The Food Standards Agency has today published research into the length of time coronavirus can survive on the surface of food and packaging.

Last updated: 29 November 2022
Last updated: 29 November 2022

The research, conducted by the University of Southampton, was commissioned by the FSA following the publication of its risk assessment in 2020 which concluded it was very unlikely that humans could catch the virus from food. The study involved deliberately adding virus to the surface of food and packaging. It was not designed to consider the probability that food becomes contaminated under normal conditions, or the probability that virus on food will lead to infection.

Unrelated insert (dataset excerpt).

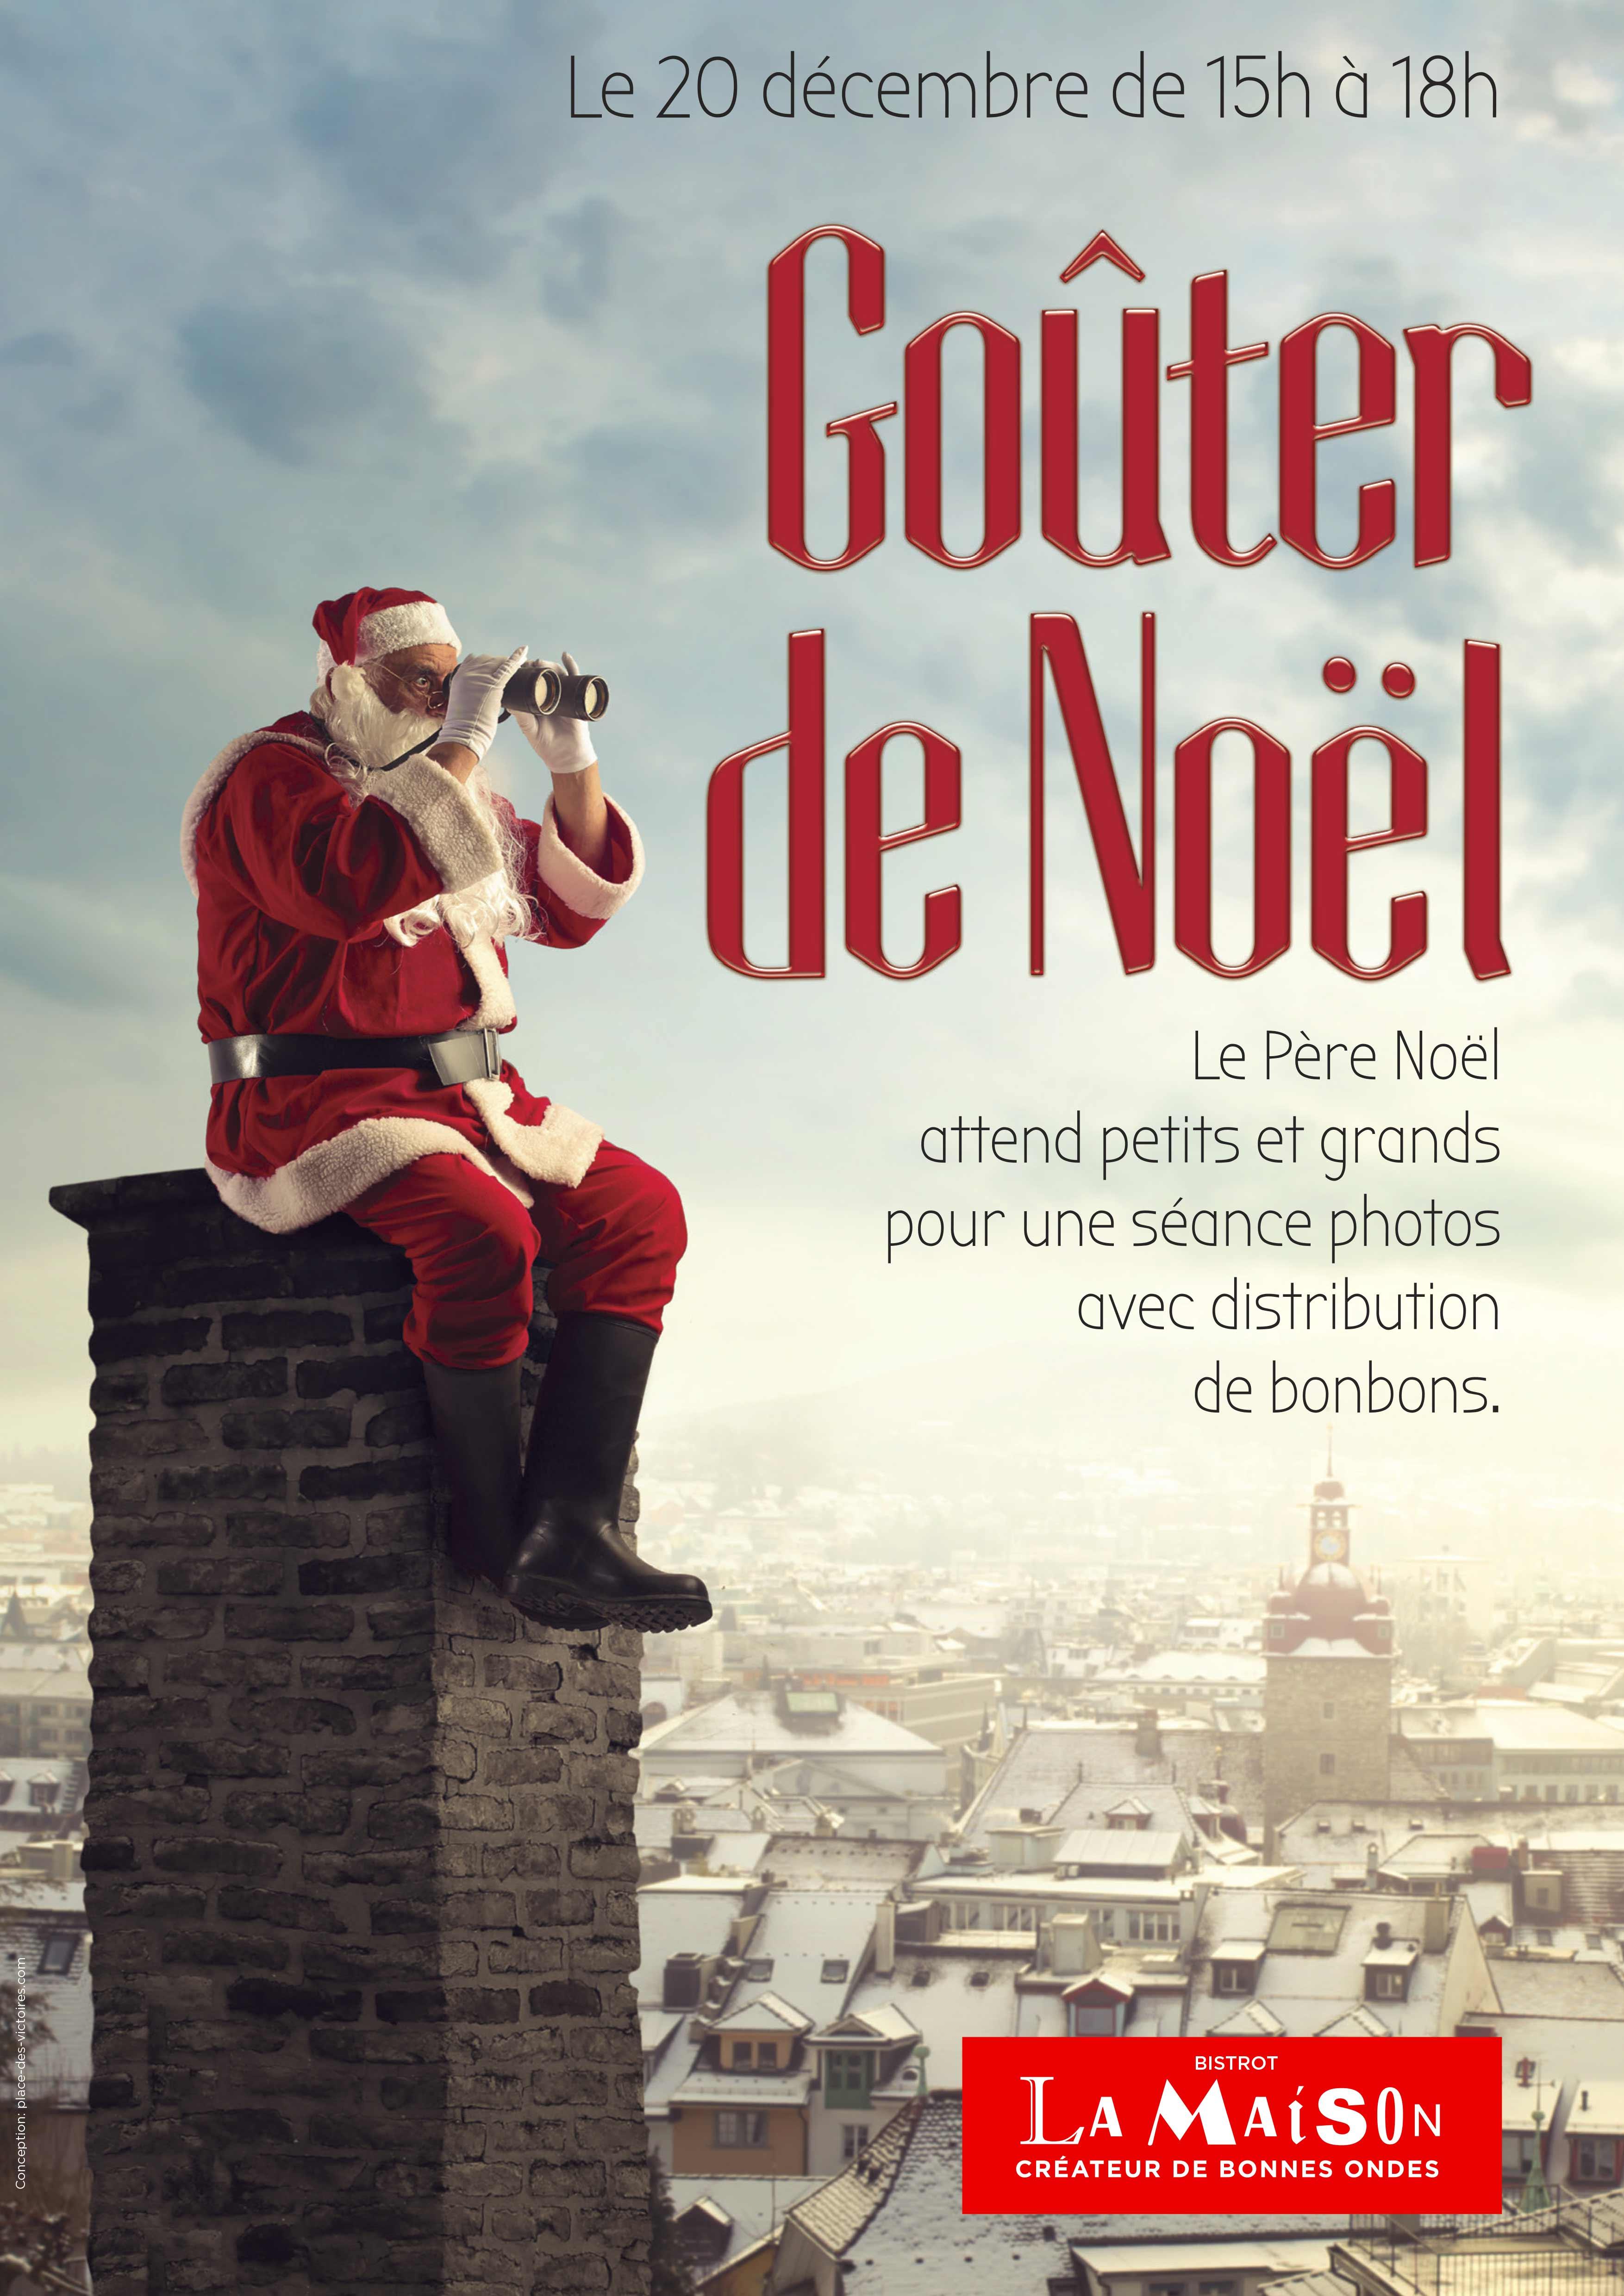 Place des Victoires Communication - Bistrot La Maison - PLV Affiche Noël

The study’s results shows that the virus’s survival varied depending on the foods and food packaging examined. On some foods, such as cheese and ham, the virus survived for several days. On others, such as apples and olives, virus levels dropped quickly. For most food products tested there was a ‘significant drop’ in the levels of virus contamination over the first 24 hours. These findings confirm that the overall risk to consumers from coronavirus via food remains very low.

“It is important to ensure that the FSA’s advice is based on the best available evidence at all times.

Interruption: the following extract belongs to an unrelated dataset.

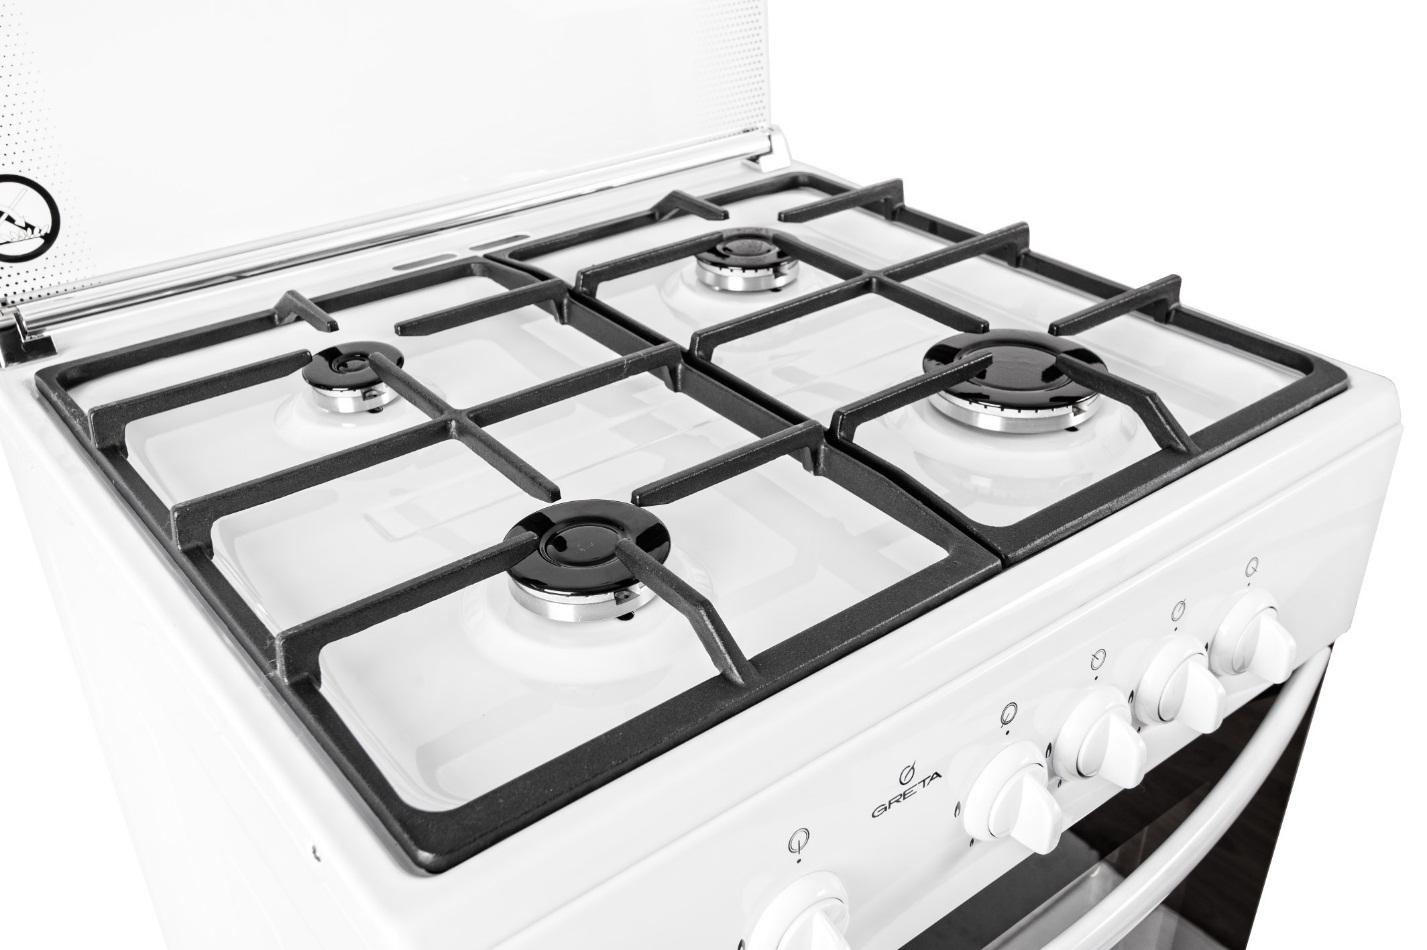 Чистка решетки газовой плиты от жира – лучшие способы

"In the early stages of the pandemic, we didn’t know much about how the virus would survive on different food surfaces and packaging, so the risk assessment was based on a worst-case assumption.

"This research gives us additional insight into the stability of coronavirus on the surfaces of a variety of foods and confirms that assumptions we made in the early stages of the pandemic were appropriate, and that the probability that you can catch COVID via food is very low.”

Anthony Wilson, Microbiological Risk Assessment Team Leader at the FSA.


The laboratory-based study involved the artificial contamination of coronavirus onto the surfaces of a wide range of foods including various fruits and vegetables, cheese, meats, bread and pastries, and food packaging including plastic trays and bottles, drinks cans and cartons.

The results from this study will not lead to a change in our current advice that there is no need to take additional precautions because of COVID when handling food as long as good hygienic practices are observed. However, they will form part of the evidence considered by the FSA for future risk assessments.